Findings from the studies

• Group One: Oral glutamine vs. placebo (four studies; 343 patients total)
  • Adequate data were provided only by Jebb, 1995 and Schloerb, 1999
    • The use of an oral placebo mouth wash reduced days to neutrophil recovery significantly [6.82 days, 95% CI (1.67-11.98), P=0.009] when compared to a glutamine mouth wash.
  • No significant differences in hospital duration, percentage change in body weight, number of positive blood cultures, number of days of nutrition intervention and survival at 100 days.
• Group Two: Parenteral nutrition with glutamine vs. standard parenteral nutrition (seven studies; 108 patients total)
  • Data was provided for all outcomes by either two or all three authors
  • Most significant finding: Patients who received PN with glutamine had hospital stays 6.62 days shorter than standard PN patients [weighted mean difference; 95% CI (-9.77-3.47), P=0.00004]
  • PN with glutamine patients were less likely to develop positive blood cultures than standard PN patients (odds ratio 0.23)
• Group Three: Standard parenteral nutrition vs. intravenous hydration (two studies; 166 patients total)
  • The odds of developing a line infection are 21.23 times greater for PN patients than for IV hydration patients [from Lough's data; 95% CI (4.15-108.73), P=0.0002]
  • Mean percentage change in albumin concentration increased for hydration group as compared to PN group [from Lough's data; mean percentage change -5.93, 95% CI (-9.90 to -1.96), P=0.003]
  • PN more effective than hydration at maintaining body weight [from Lough's data; weighted mean difference for percentage change 2.76, 95% CI (1.26-4.26), P=0.0003]
  • No significant difference in survival 200 days post-BMT.
• Group Four: Parenteral nutrition vs. enteral nutrition (one full report and two abstracts; 144 patients were identified)
  • Due to study design and data collection problems, none of the data could be used.
• Group Five: Other studies (eight studies)
  • Due to the low power and inability to group these studies, the results could not be utilized.

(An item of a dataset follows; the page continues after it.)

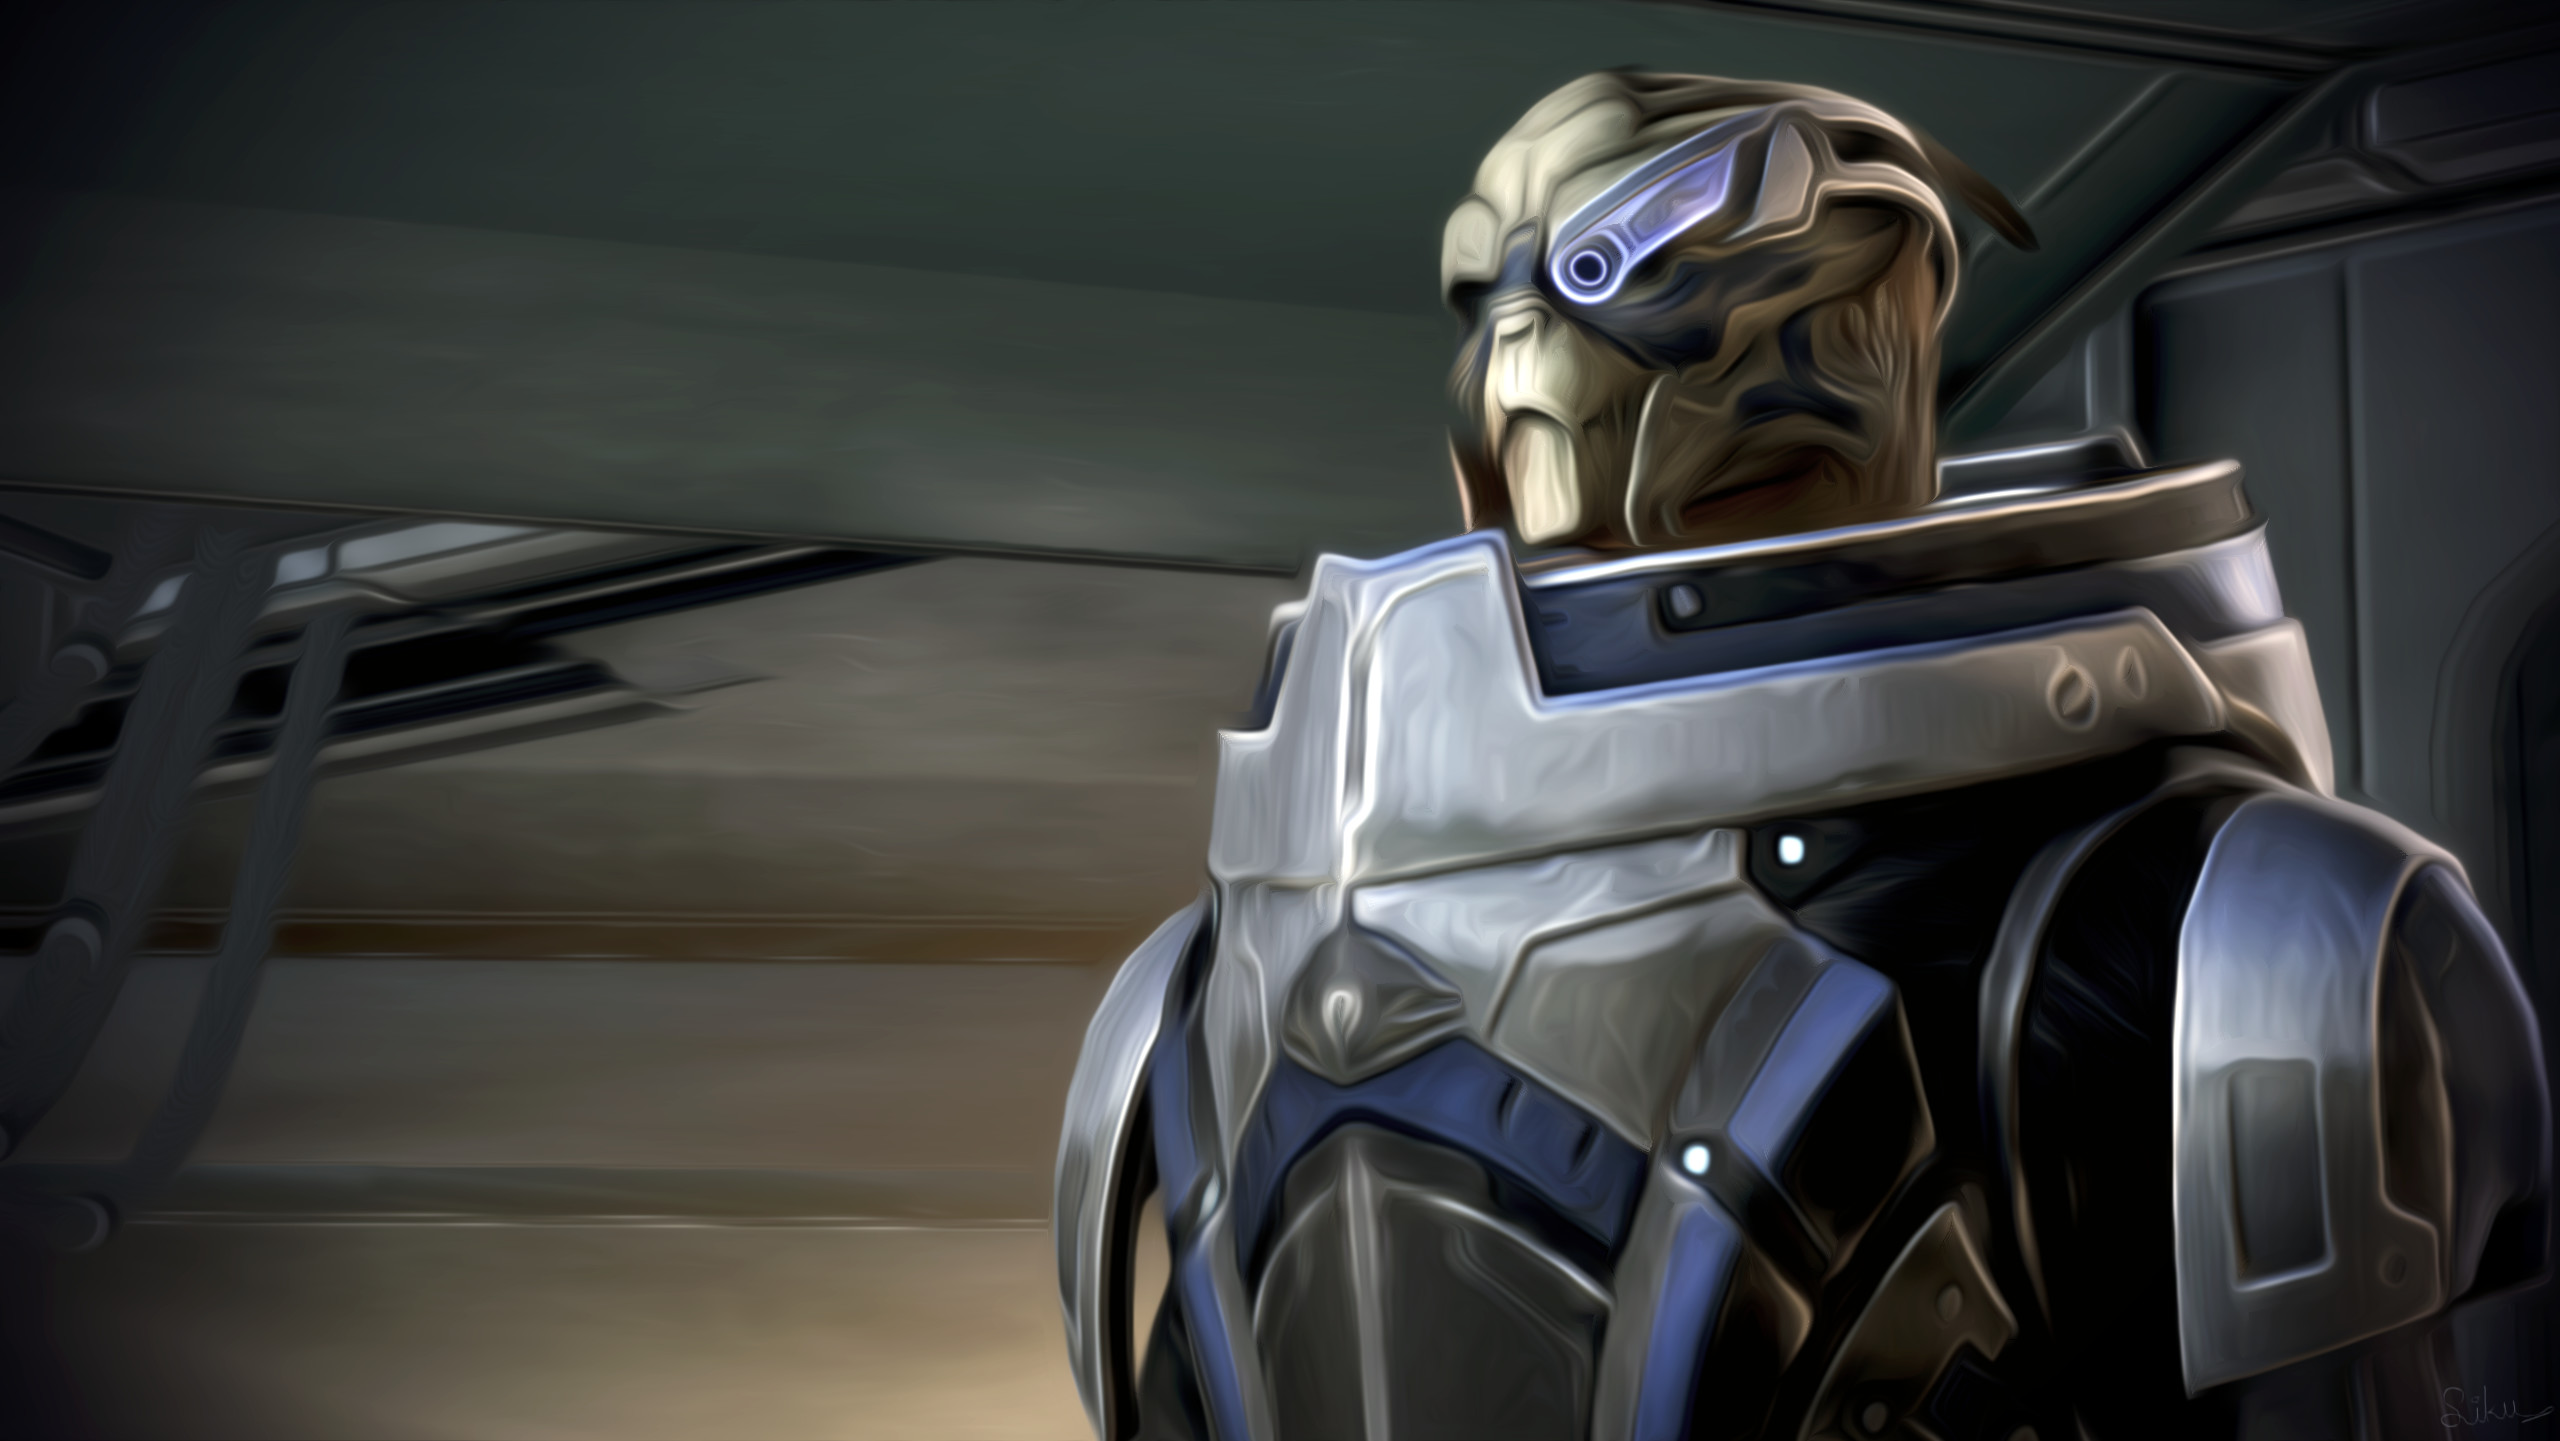 2560x1441 Video Game - Mass Effect 3 Garrus Vakarian Oil Painting Wallpaper
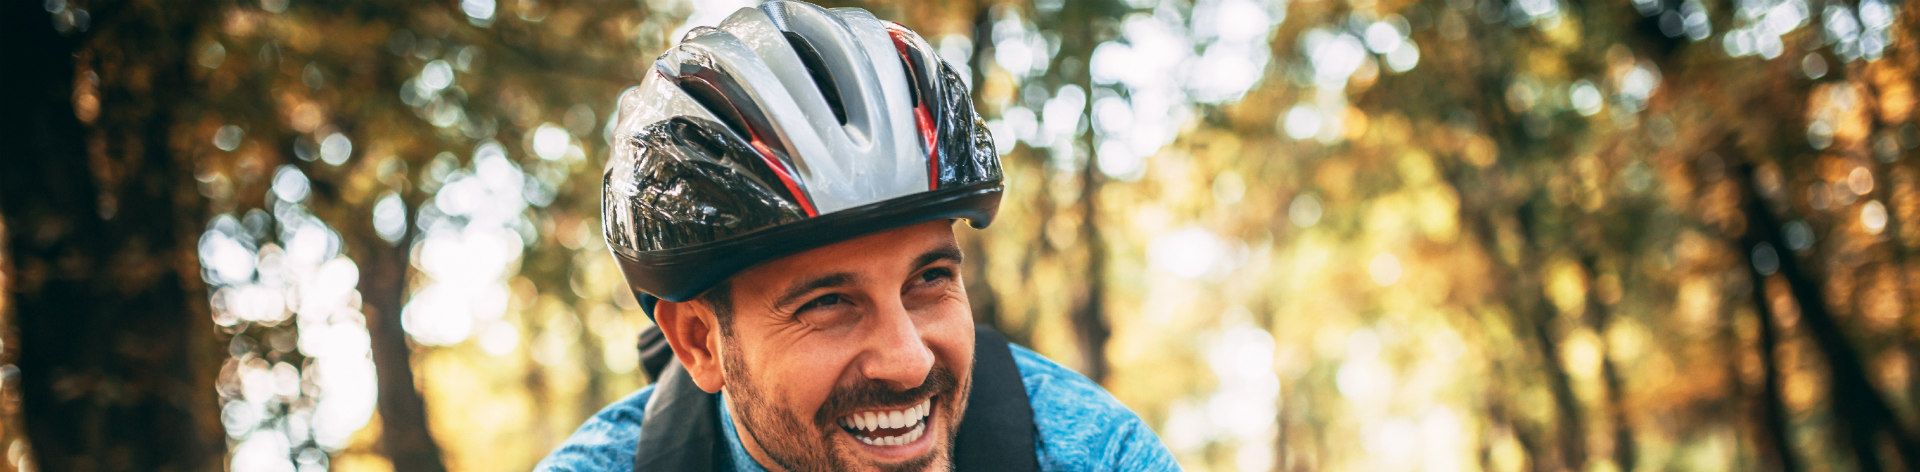 online bike helmets men

• The benefits of oral glutamine mouth wash vs. placebo are unclear
• Parenteral nutrition with glutamine should be routinely considered for bone marrow patients thought likely to experience prolonged gastrointestinal failure
  • BMT patients receiving PN with glutamine seem to leave the hospital significantly sooner than placebo patients
  • BMT patients receiving PN glutamine seem to have significantly fewer positive blood cultures than placebo patients.
• PN should be administered with caution due to a highly increased risk of line infection
• Lack of evidence prevents analysis of effectiveness of enteral nutrition vs. parenteral nutrition.

Suggestions for further research:

• Another trial of oral glutamine vs. placebo since existing data are scant and inconclusive 
• A multi-center, four-armed RCT comparing parenteral to enteral nutrition, with and without added glutamine
• Studies to determine appropriate dose of parenteral glutamine.

• Chi-square statistic has low power to detect heterogeneity when only a small number of studies are analyzed
• Studies favorable to glutamine-enriched PN suggest a protective effect of glutamine against infections, with subsequently shorter hospital stay. However, appropriate dose of parenteral glutamine has not been determined.